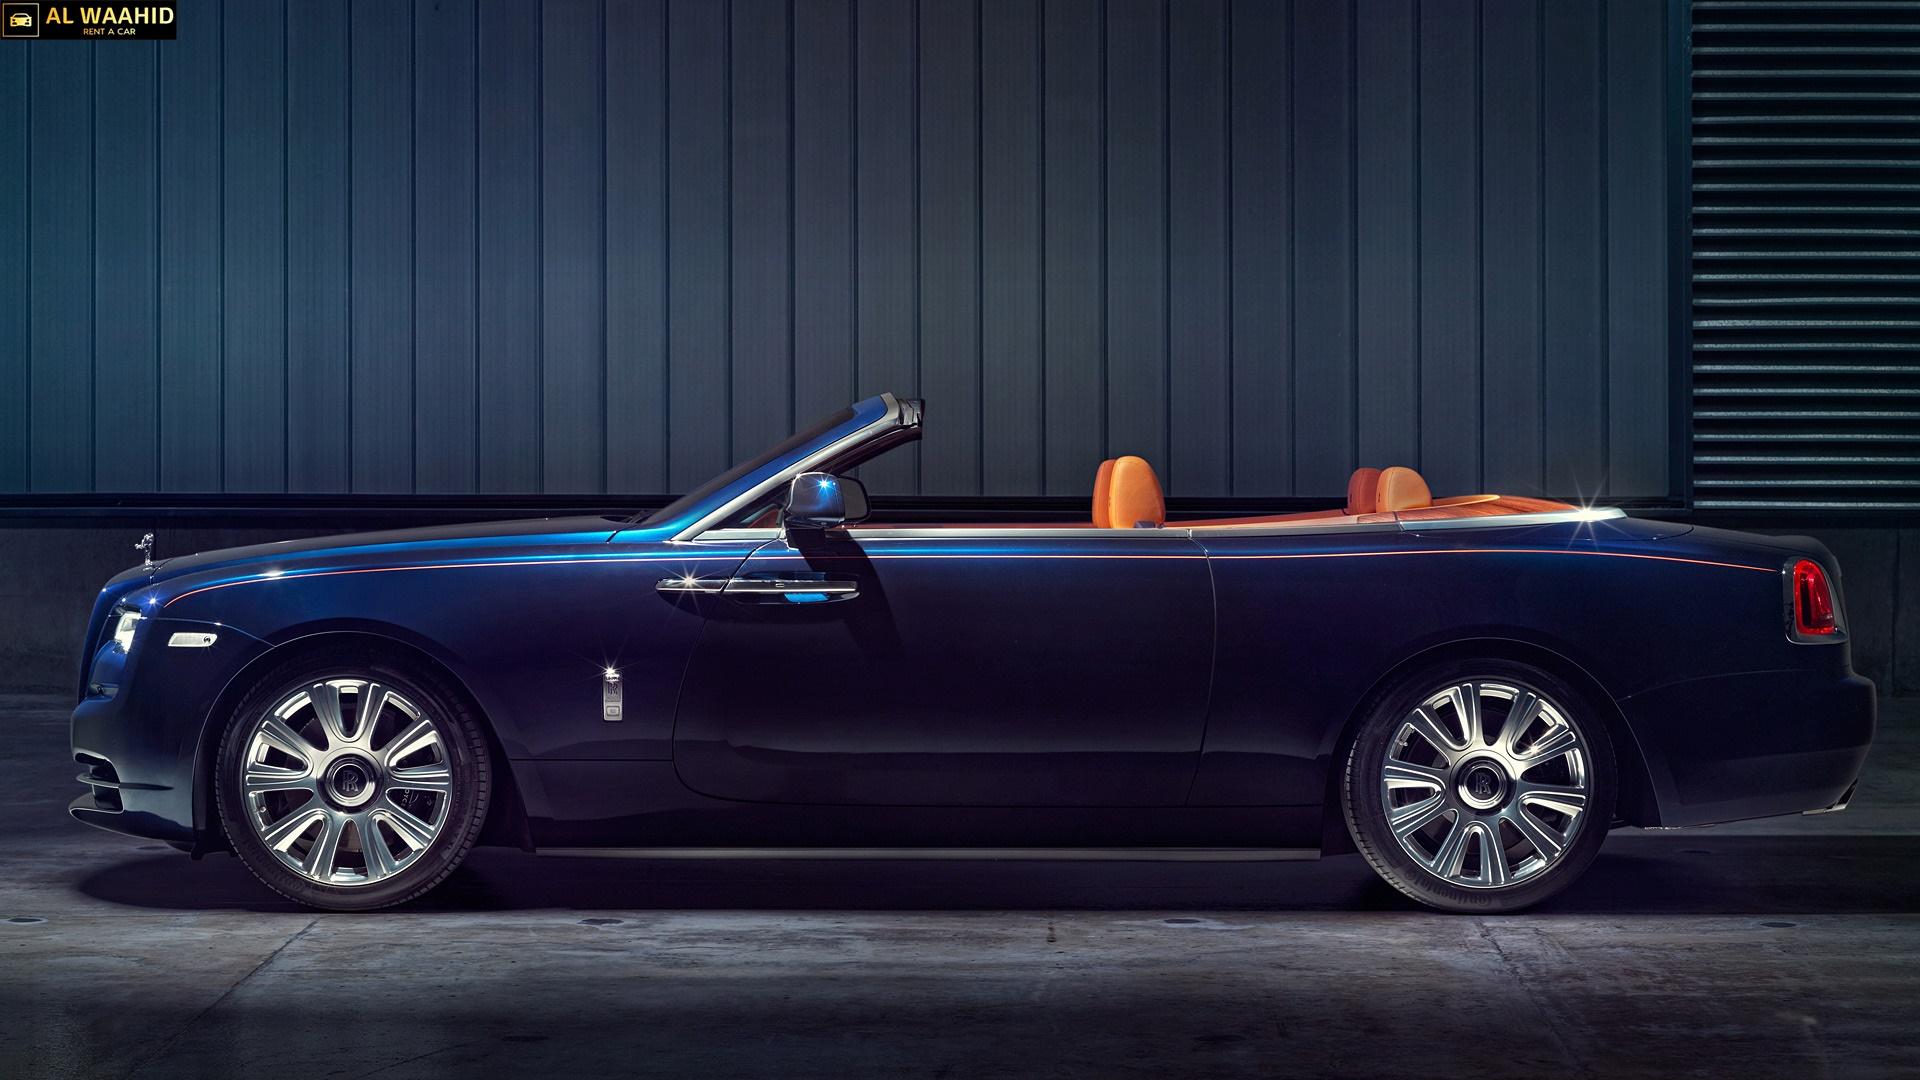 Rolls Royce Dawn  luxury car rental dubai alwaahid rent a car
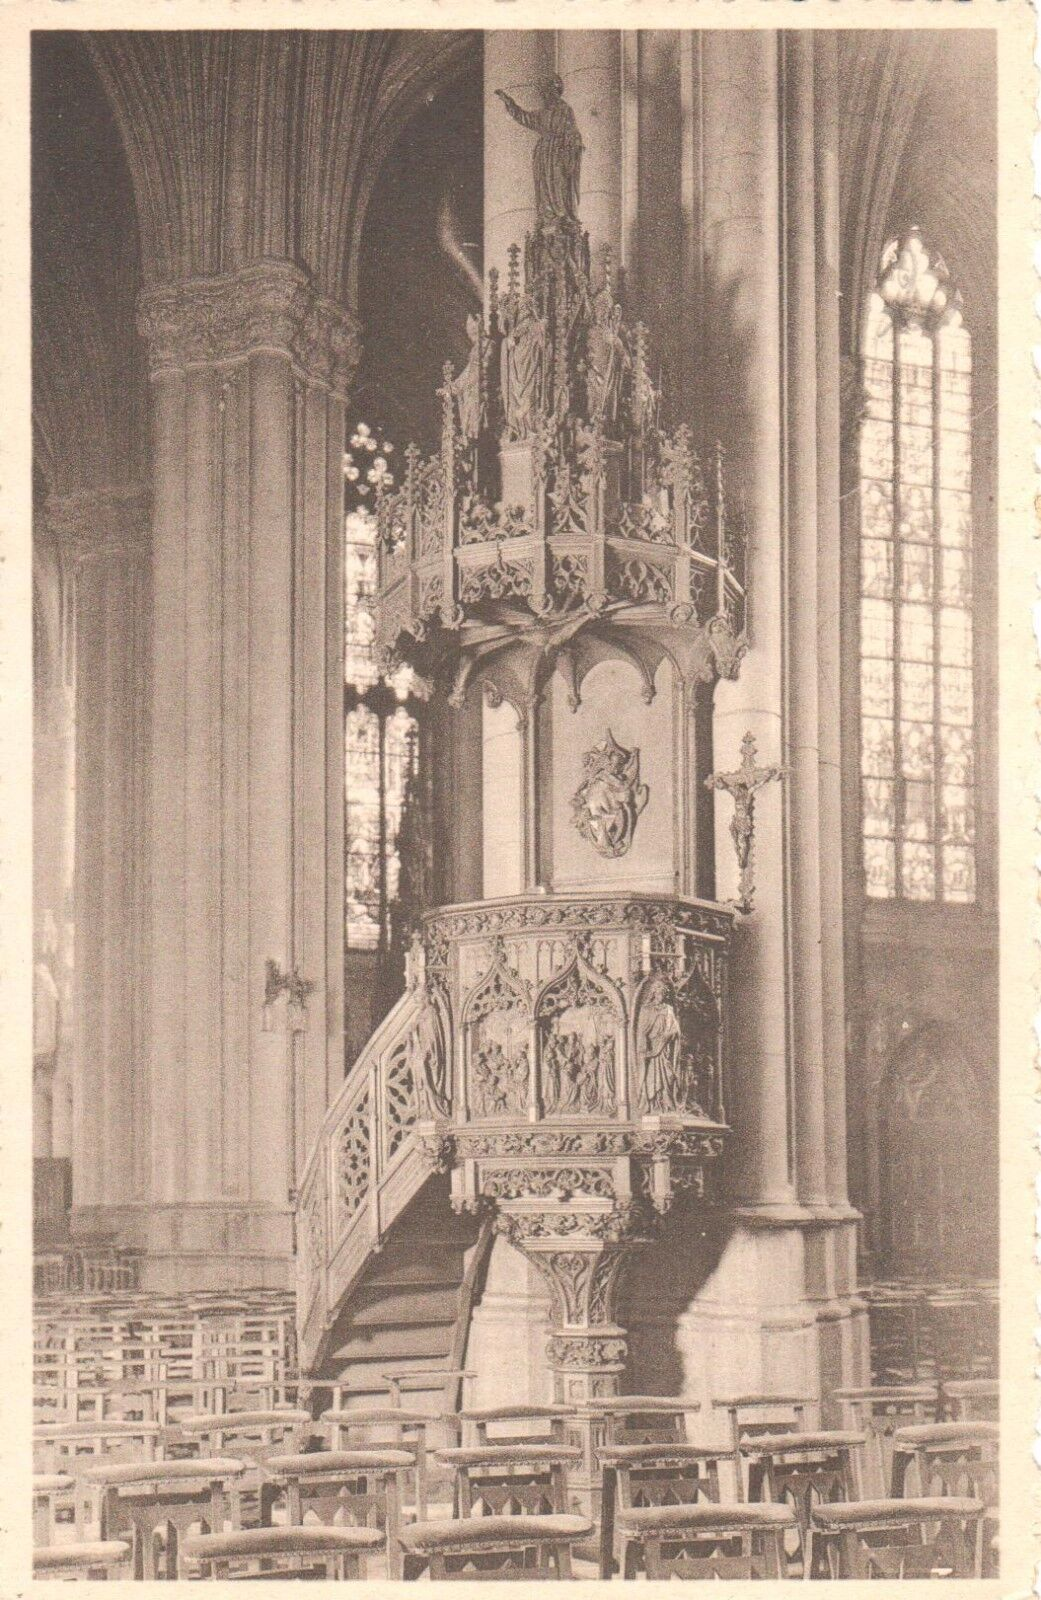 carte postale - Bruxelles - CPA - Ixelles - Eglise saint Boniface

...

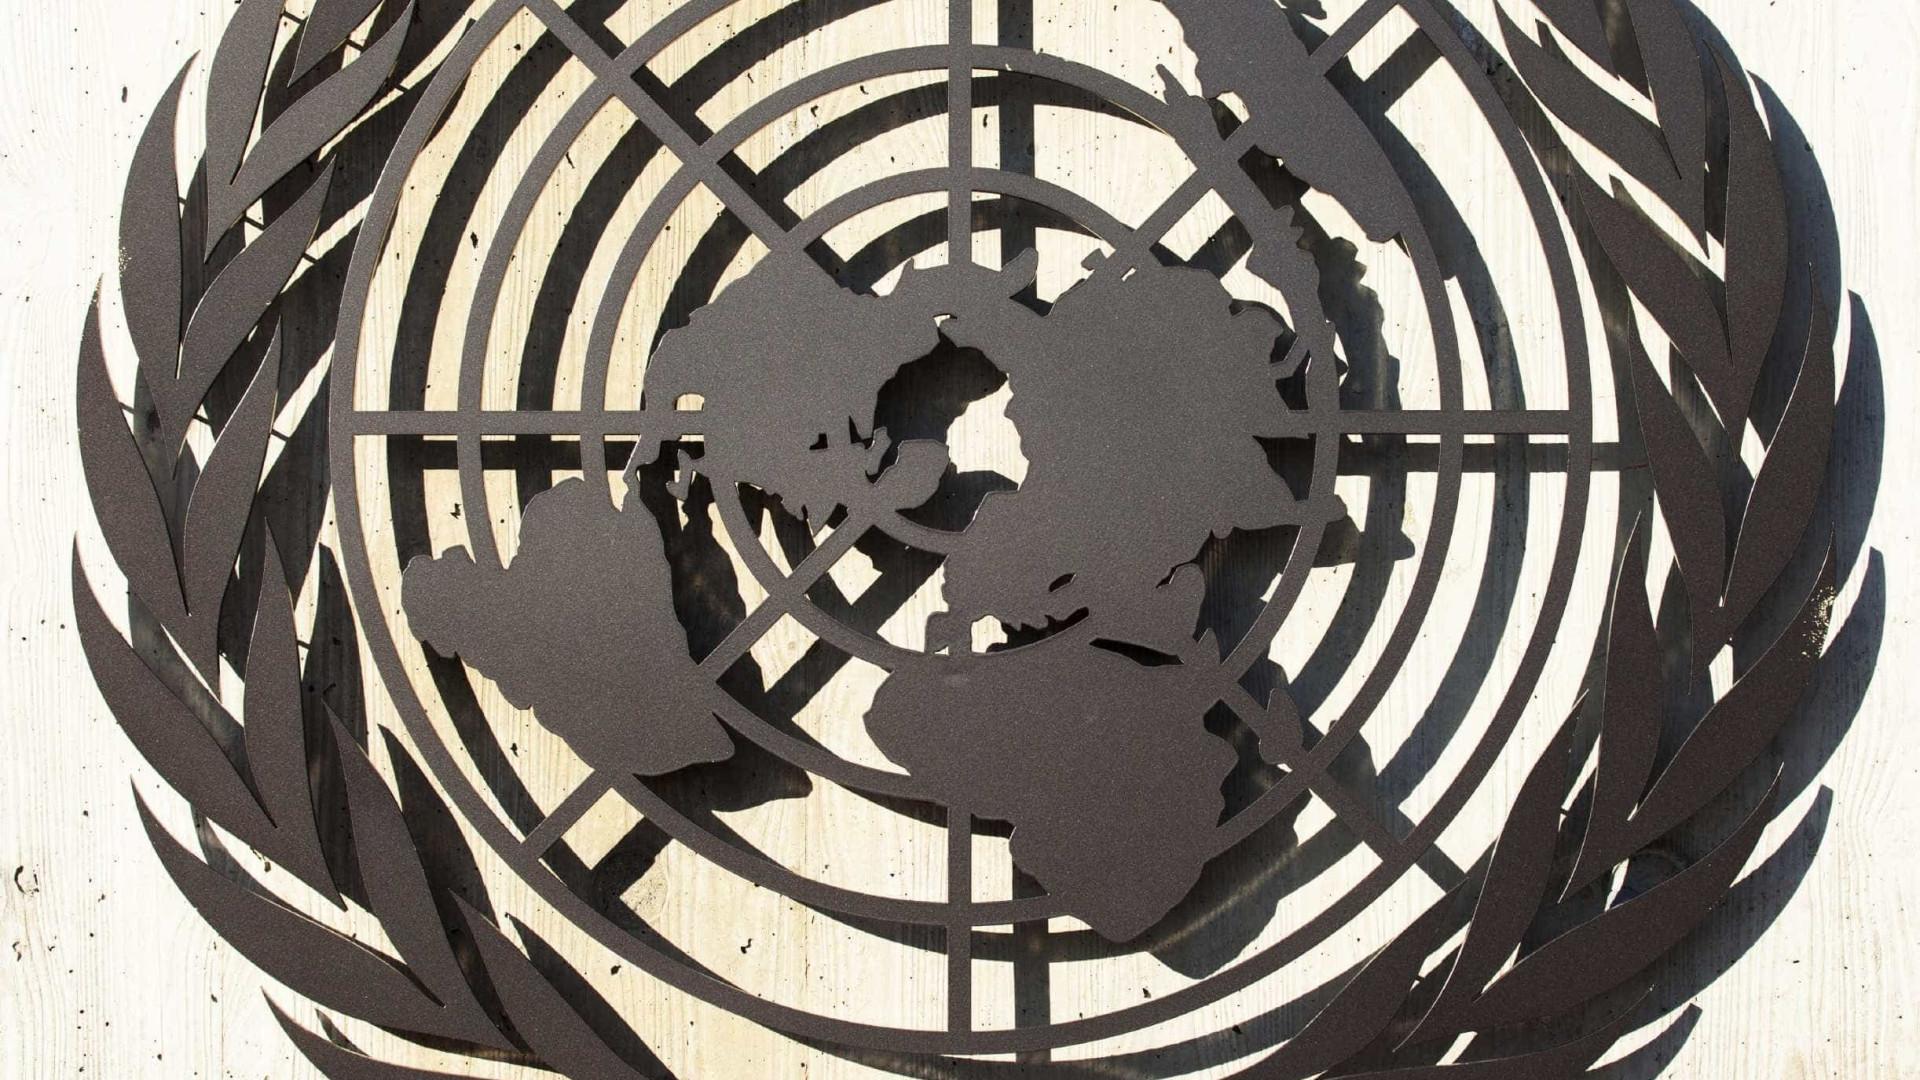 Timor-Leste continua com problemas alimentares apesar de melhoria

• _PROMPT_
A clean copy is needed of the lines in the listing above from the one with "Rolls Royce Dawn" through the one with "carte postale - Bruxelles", exact in every word and free of pictures.

• _RESULT FOR THIS EXERCISE_
 Rolls Royce Dawn  luxury car rental dubai alwaahid rent a car
 carte postale - Bruxelles - CPA - Ixelles - Eglise saint Boniface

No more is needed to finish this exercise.